April 27th, 2009

The Wawenoc Tribe, No. 153, Improved Order of Red Man would meet Tuesdays at Granger’s Hall in 1875.

The Improved Order of Red Men traces its origin from the Sons of Liberty patriots who were active before the American Revolution and are well known for their participation in the Boston Tea Party. The Sons of Liberty ~ and in turn the I.O.R.M. emulated in their organization, philosophy, and regalia the League of the Iroquois or Six Nations. Hospitality was extremely important.
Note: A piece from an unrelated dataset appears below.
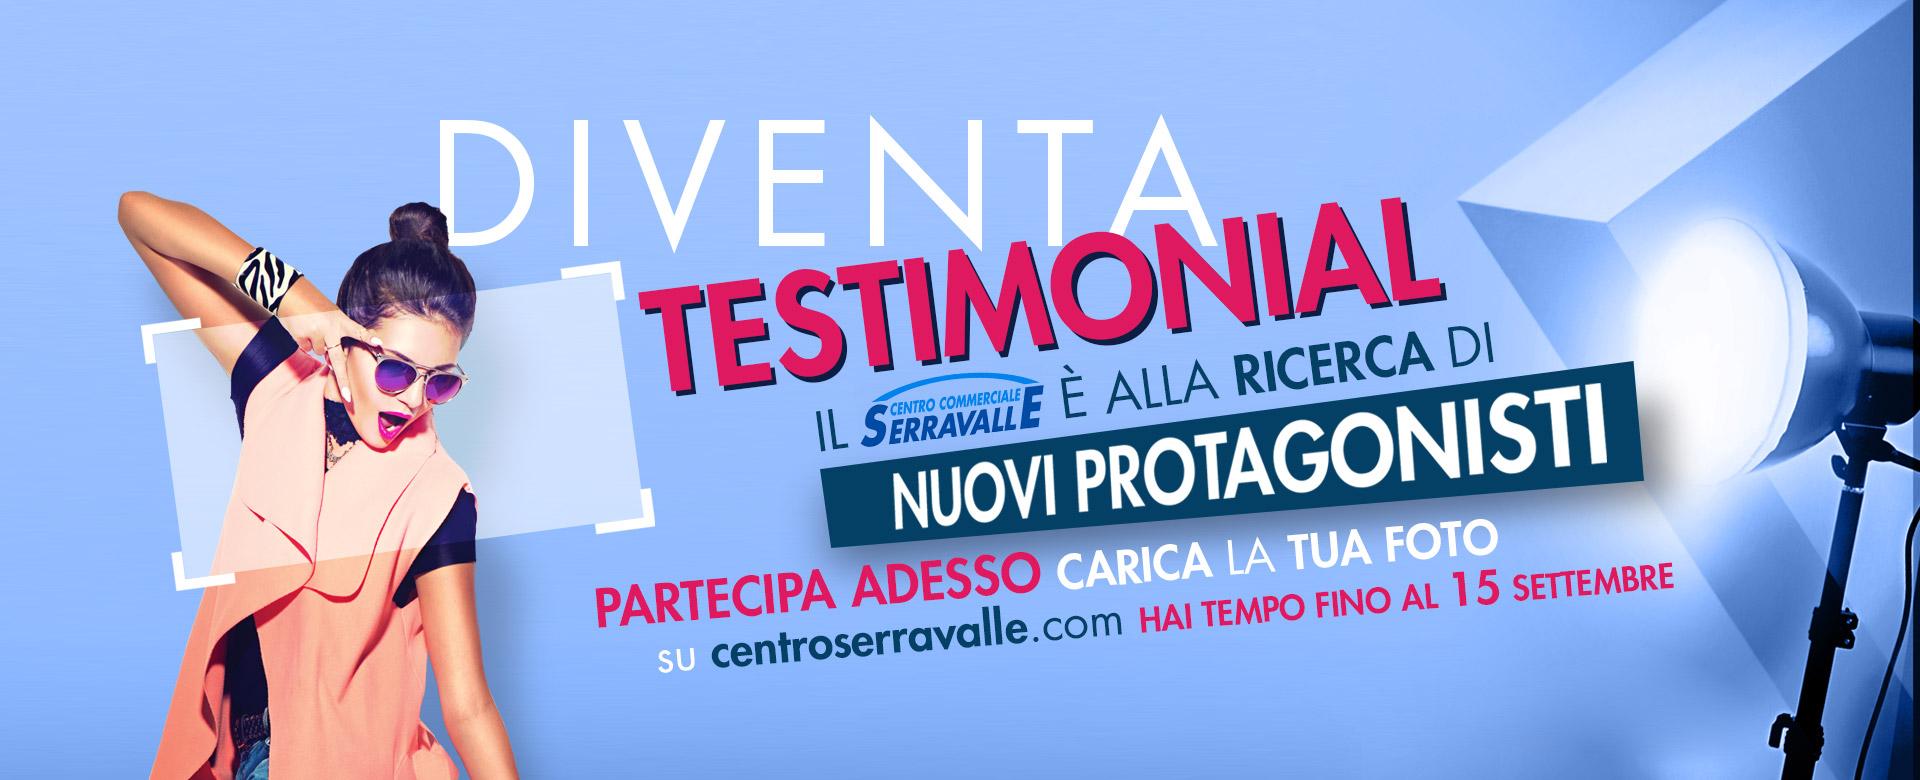 banner_diventa_testimonial
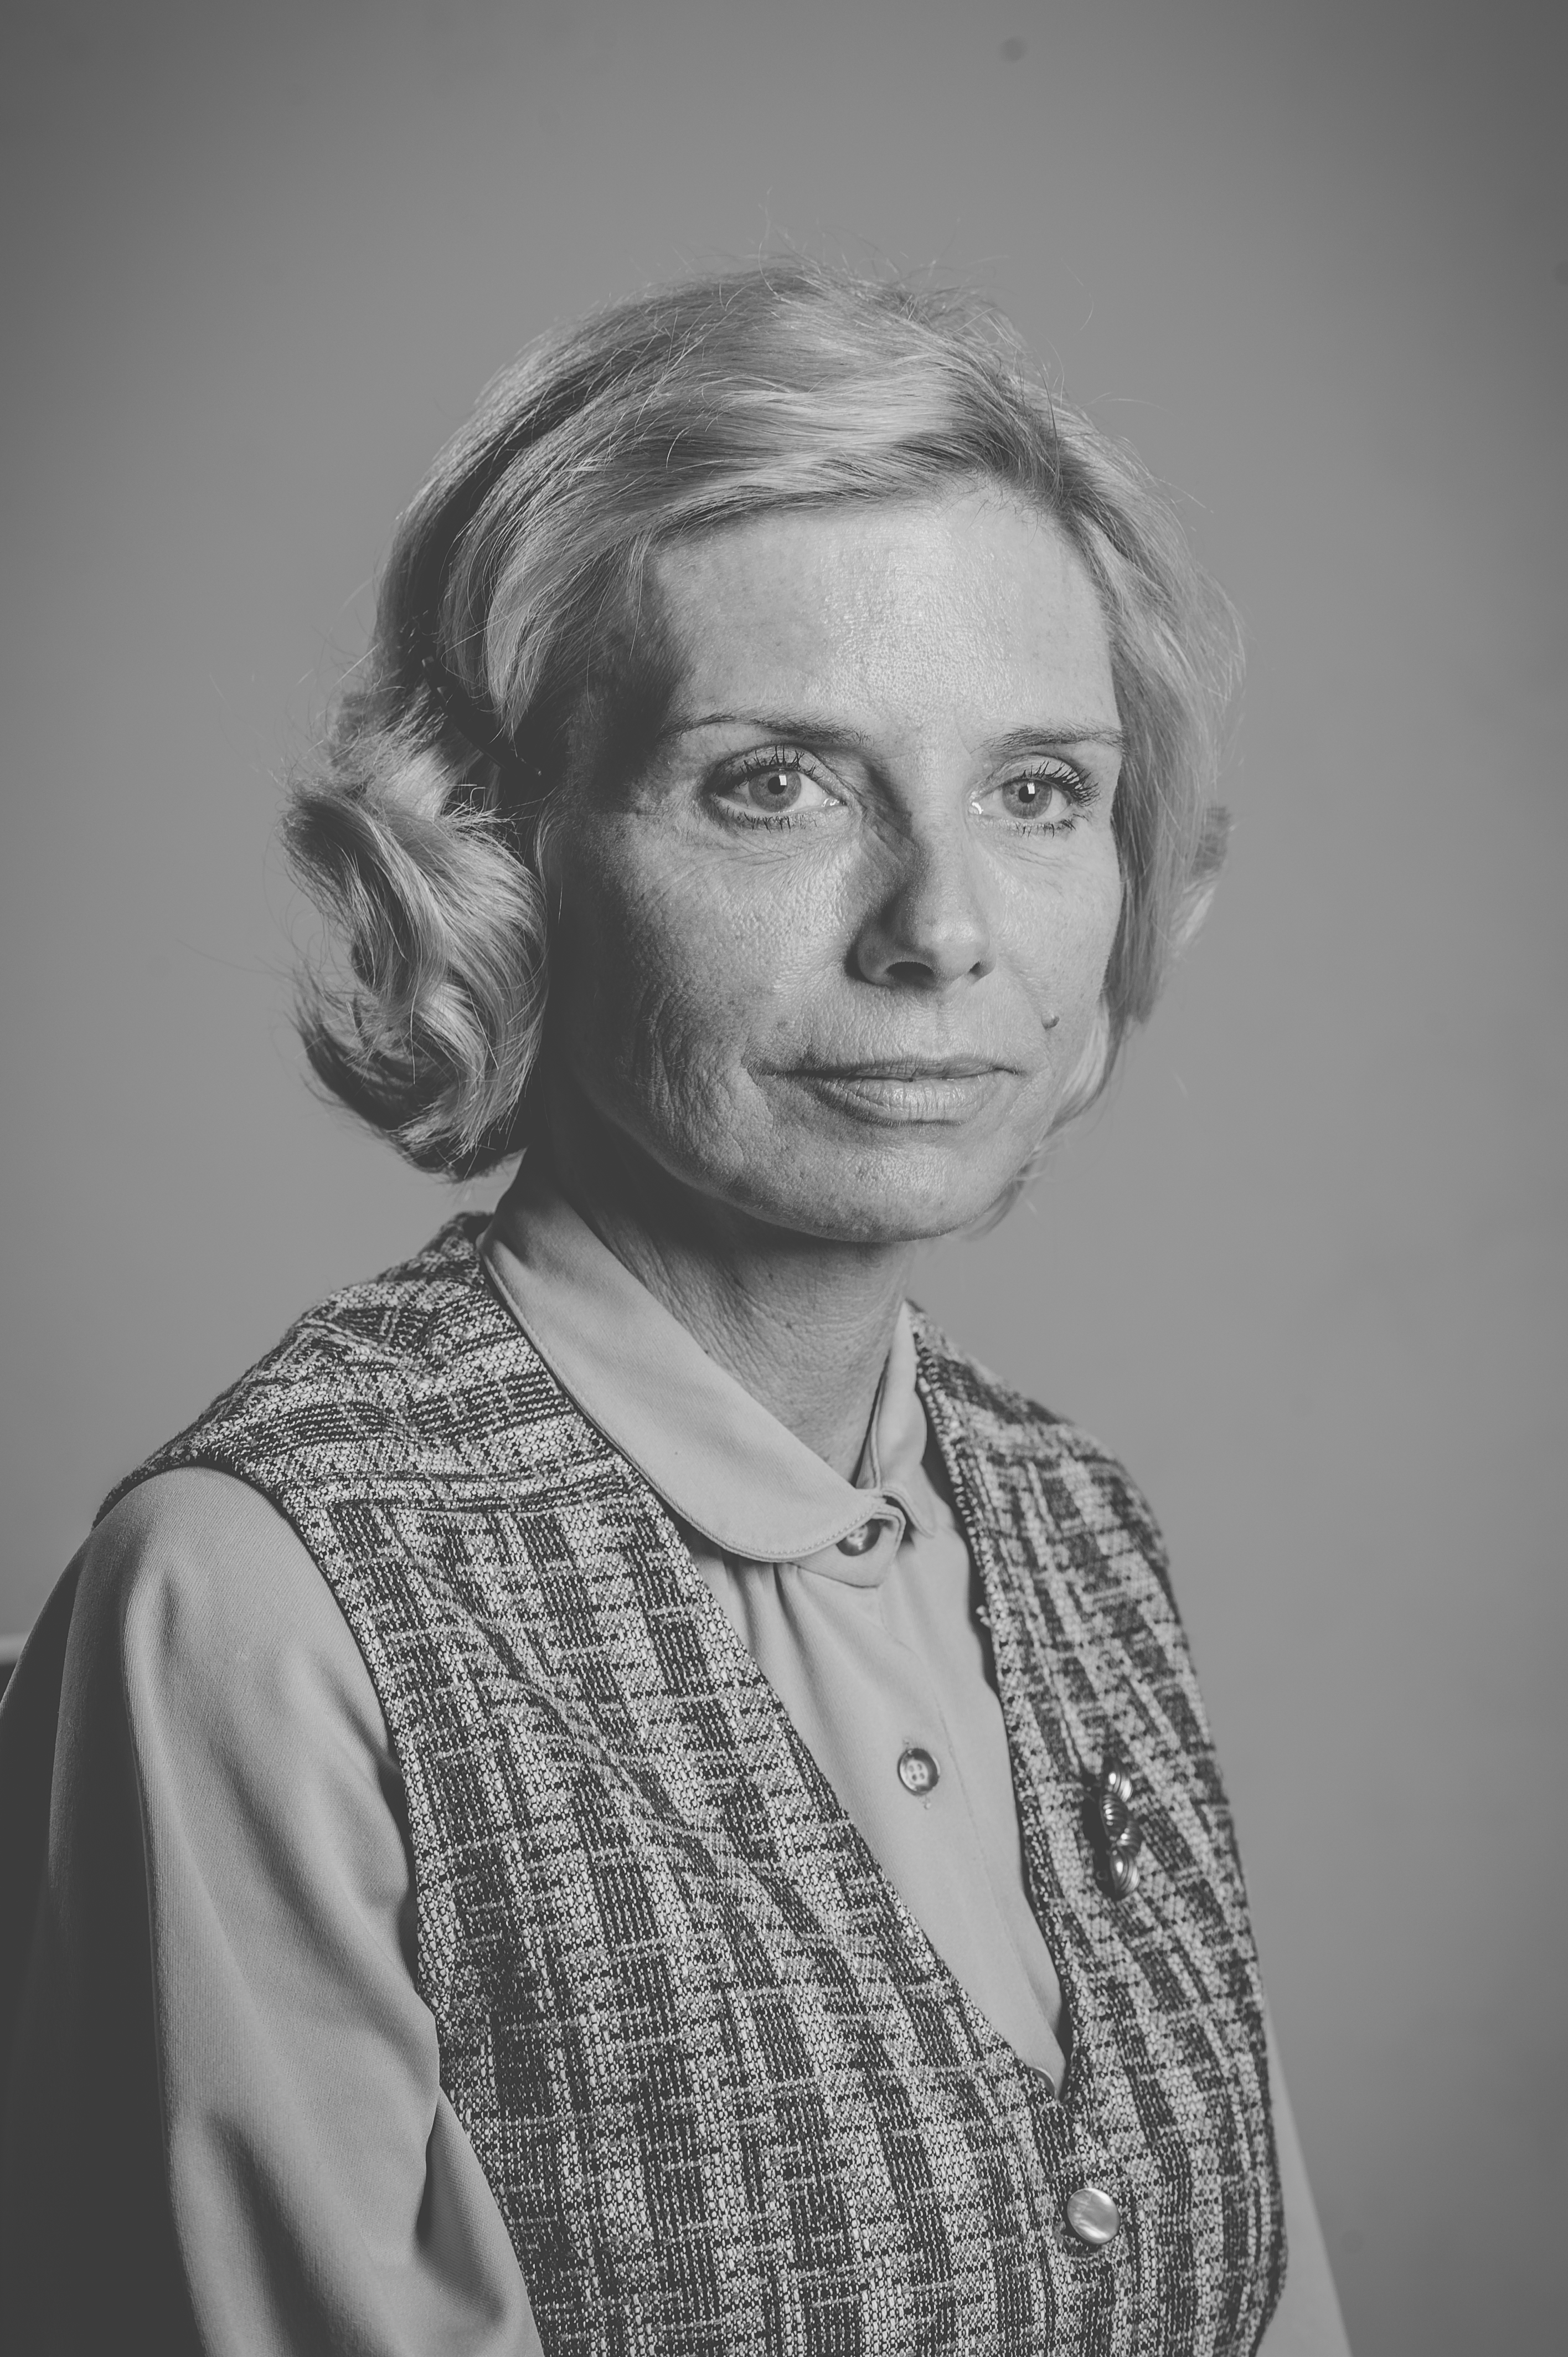 Oma Wetzel

The Iroquois would surrender his dinner to feed the hungry, vacate his bed to refresh the weary, and give up his apparel to clothe the naked. On March 12, 1834, George A. Peter and William T. Jones along with a few others formed Logan Tribe, No. 1 and adopted the motto, Freedom, Friendship, Charity. The first act of the Logan Tribe after its organization was to pass a law that no council fire should be kindled in any wigwam where fire water (liquor) was sold. Membership was restricted to free white males of good moral character and standing and at the full age of twenty-one great suns who believed in the existence of a Great Spirit, the Creator and Preserver of the Universe, and who possessed some reputable means of support. In addition, as slavery became more of an issue, no person owning or holding a slave could be admitted into their organization. In 1885 the organization welcomed women through the Pocohontas Degree. Later came the Degree of Hiawatha, the Junior Tribe of Red Men, composed of boys eight years and older. The aim of the Hiawatha Degree is the development of each boy so that he may appreciate the virtues of unity, freedom, strength, peace, charity, loyalty, education, hope, love, courage, friendship, patriotism, and tolerance – in other words, to help young boys of today to mature as exemplary men in the world of tomorrow.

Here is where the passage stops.